Зато мы можем говорить о предшествующем десятилетии: о девяностых. Нет ни у кого сомнений, что это действительно великое и страшное десятилетие, в которое изменилось буквально всё, к чему мы привыкли. Сегодня одни вспоминают беспросветную нищету и локальные войны, разгул бандитизма и коррупции, развал страны и всего хорошего, что было в ней. Другие — небывалый доселе дух свободы и творчества, наполнившиеся полки магазинов и зарубежные поездки, возможность самому решать и свою судьбу, и судьбу народа. Как будто те и другие жили в двух совершенно разных странах, живя на одной и той же улице…

Десятилетие уникальных возможностей — хочется сказать про девяностые. И большинство из нас добавит: упущенных возможностей. Мало кто использовал его по полной, как один мой одноклассник, который успел на закате Советской власти сесть за «экономическое преступление» (фарцовку), в девяностые вышел, точно такими же «преступлениями» сколотил немалый капитал. «Я ничего не делаю, а деньги идут и идут, на что их тратить?» — рассказывал он. Подсел на героин и капитал потерял. С героина соскочил, но стал сильно пить. Когда я видел его в последний раз, он честно трудился топ-менеджером в фирме еще одного одноклассника и лечился от алкоголизма. Это ведь были уже двухтысячные, время стабильности и прогресса.
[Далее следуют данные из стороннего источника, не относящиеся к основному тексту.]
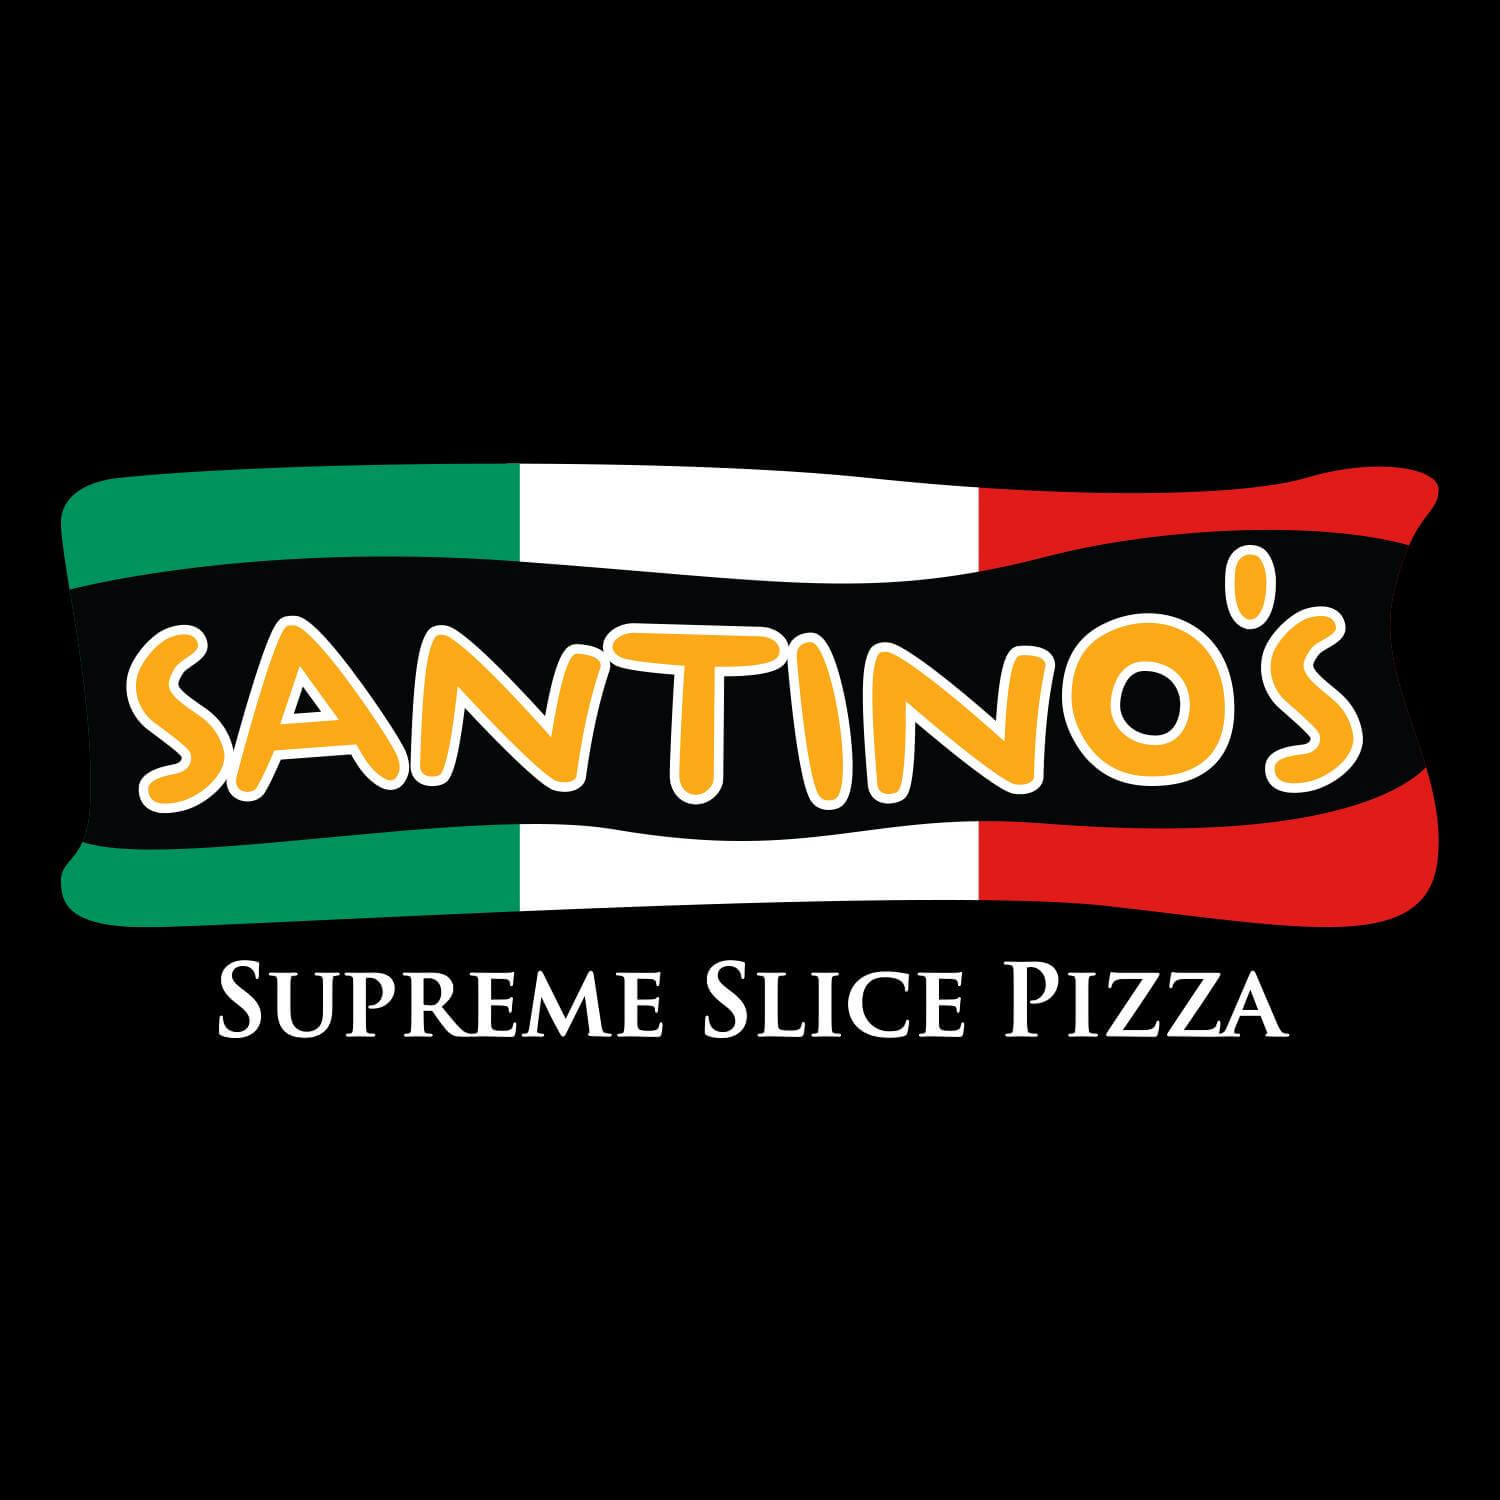 Santino's Supreme Slice

Для меня главный образ девяностых — наш подъезд в самом центре Москвы, самый обычный подъезд старомосковского дома. Когда-то, до 1917 года, в нем были ковры и бархатные перила — потомок первых владельцев этого дома жил в коммуналке на втором этаже, он рассказывал. Но грянул рынок, и толкучка, расползающаяся от Гума-Цума-ДетМира, как раковая опухоль, очень скоро парализовала и наш переулок. Днем по переулку было невозможно пройти, а вечером дворники жгли брошенные картонные коробки и целофановые обертки, над мостовой летел едкий дым. В туалет куда было ходить торгующим? В незапертый подъезд, конечно.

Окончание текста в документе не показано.